Best for: small teams and studios that want scheduling visibility without process overhead.

Drawback: reporting is minimal. There are no burndown charts, no portfolio rollups, and no custom dashboards — if you need those, look higher up this list.

Free plan available for solo users; team plans are per-user per month.

How to Pick a Tracking Tool: Three Questions

First: what unit do you track in? Story points push you toward Jira or ClickUp. Hours push you toward Wrike, Zoho Projects, or anything that pairs with Toggl Track. Dates and milestones push you toward TeamGantt, GanttPRO, or Smartsheet.

Second: who reads the reports? A dev lead reads velocity charts. A client reads a timeline with a baseline showing you’re two days ahead. A CFO reads billable-hours utilization. Buy the tool whose default report matches your actual audience, because nobody rebuilds reports from scratch every week for long.
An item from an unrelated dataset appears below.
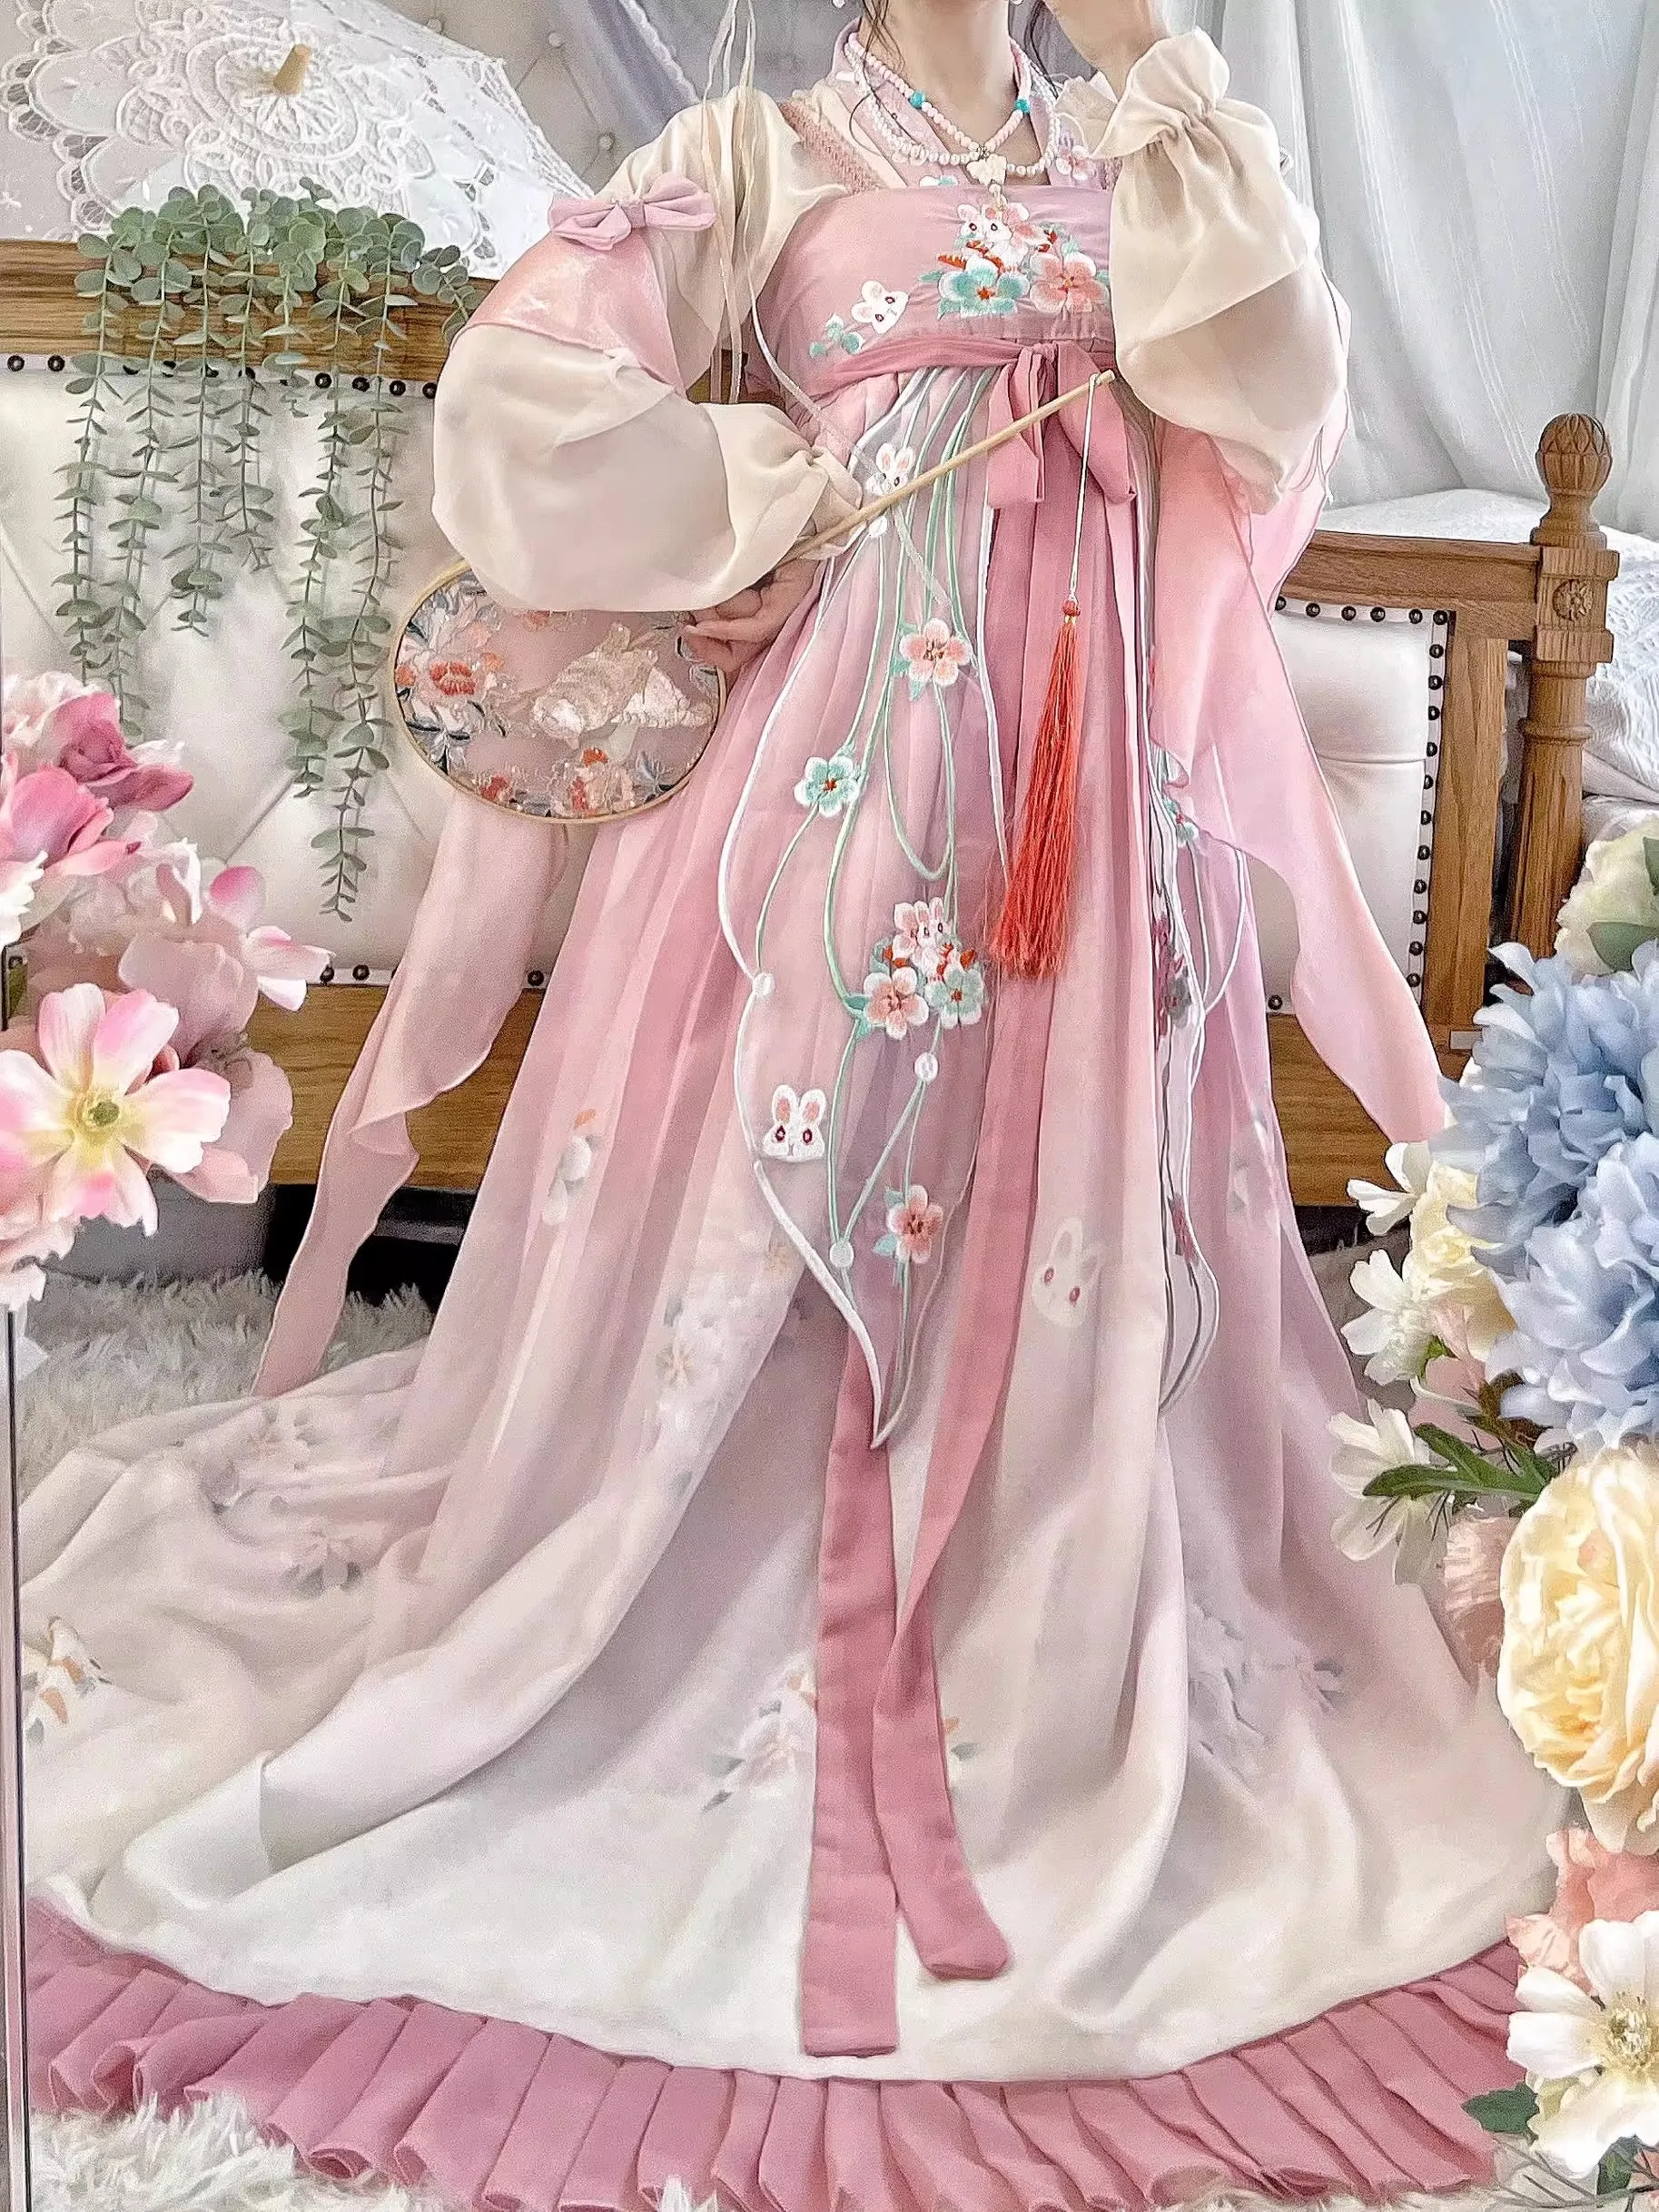 Robe Hanfu chinoise pour femmes, ensembles Hanfu brodés traditionnels des Prairies, costume de carnaval nickel é, robe de danse Hanfu rose, nouveau cosplay

Third: will people actually log data? Tracking software is only as honest as its inputs. Tools with built-in timers (ClickUp, Toggl Plan) and automated status rollups (Asana Portfolios, Smartsheet update requests) beat tools that depend on someone remembering to update a percent-complete field every Friday.

That last one kills more tracking setups than any missing feature.

FAQ

What is the best project tracking management software for small teams?
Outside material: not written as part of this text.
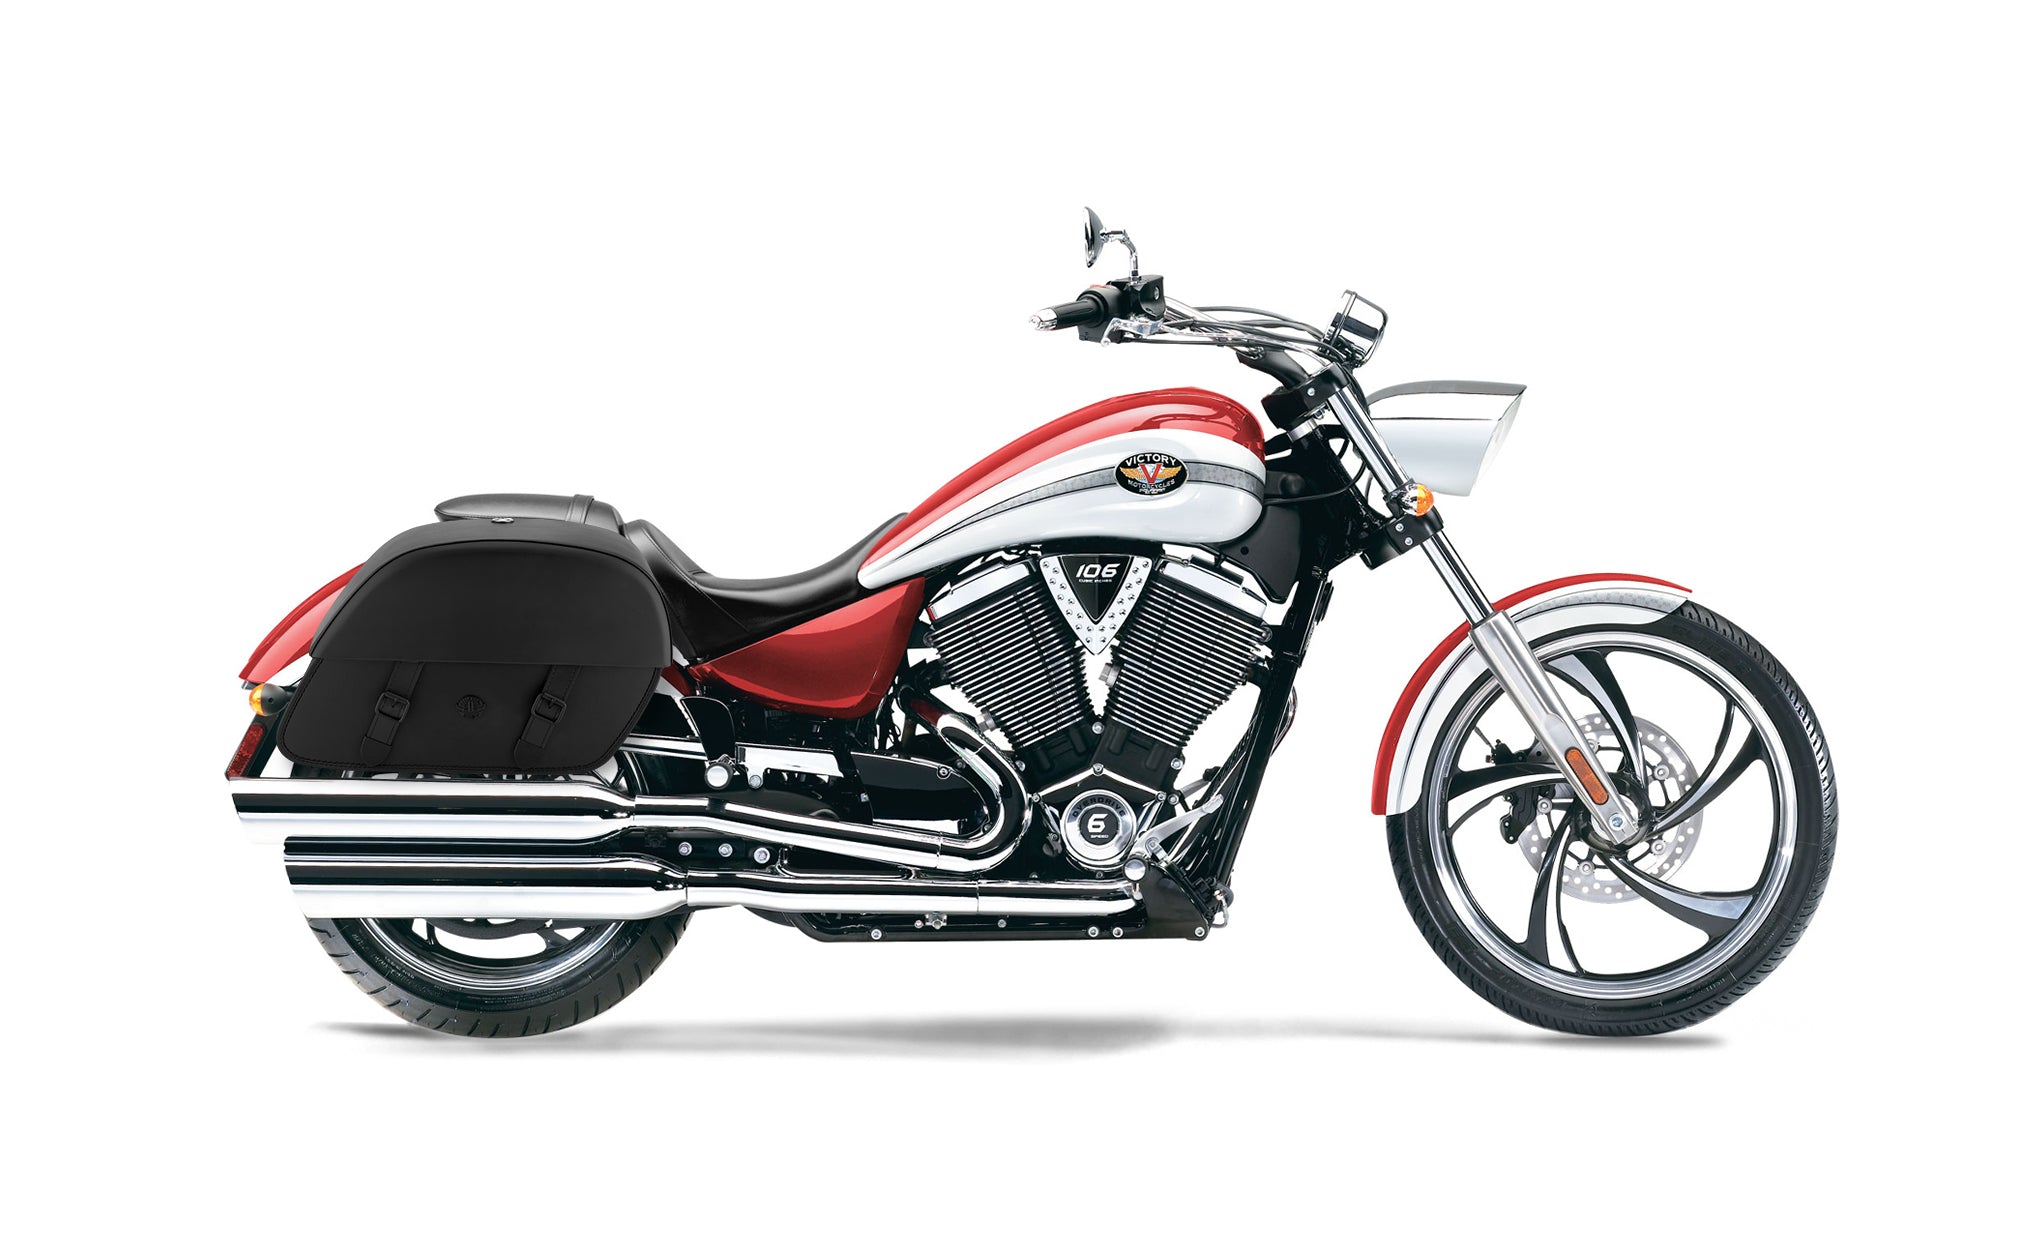 Viking Baelor Large Victory Vegas Leather Motorcycle Saddlebags on Bike Photo @expand

ClickUp and Zoho Projects offer the strongest free and low-cost tracking features for small teams. ClickUp includes native time tracking and dashboards on its free plan, while Zoho Projects is free for up to 3 users and stays cheap as you grow. Toggl Plan fits teams that mainly need scheduling visibility.

What’s the difference between project tracking and project management software?

Project management software covers the full workflow: planning, assigning, collaborating, and delivering work. Project tracking is the visibility layer within that — dashboards, time logs, Gantt baselines, and reports that show whether work is on schedule and on budget. Most modern tools do both, but they differ sharply in how much tracking depth they offer.

Which project tracking tool has the best free plan?

ClickUp’s free plan is the most complete for tracking, since it includes time tracking and dashboard access. Jira’s free tier for up to 10 users includes full sprint reporting, which makes it the best free option specifically for software teams.

Do I need a Gantt chart to track projects?

Only if your projects have dependencies and fixed delivery dates. Construction, events, and client deliverables benefit from Gantt baselines showing plan vs. actual. Ongoing work like support queues or content production is usually better tracked with cumulative flow or simple throughput metrics.

Can project tracking software replace timesheets?

Often, yes. Tools like Wrike, Zoho Projects, and ClickUp attach time logs directly to tasks, which produces more accurate data than end-of-week timesheet reconstruction. Wrike and Zoho Projects also support timesheet approval workflows, so finance teams can keep their sign-off step.